▸ **Input records**
# # # #
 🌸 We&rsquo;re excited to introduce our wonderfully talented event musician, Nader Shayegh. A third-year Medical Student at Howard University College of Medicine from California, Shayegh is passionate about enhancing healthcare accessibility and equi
# # # #
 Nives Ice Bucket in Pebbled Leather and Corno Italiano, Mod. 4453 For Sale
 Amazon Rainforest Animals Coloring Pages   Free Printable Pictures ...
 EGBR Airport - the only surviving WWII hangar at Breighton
# # # #
▸ **What is expected**
Return, unchanged, the run of lines above that opens with the line containing "Nives Ice Bucket" and closes with the line containing "EGBR Airport - the". Include both.

▸ **Task solution**
 Nives Ice Bucket in Pebbled Leather and Corno Italiano, Mod. 4453 For Sale
 Amazon Rainforest Animals Coloring Pages   Free Printable Pictures ...
 EGBR Airport - the only surviving WWII hangar at Breighton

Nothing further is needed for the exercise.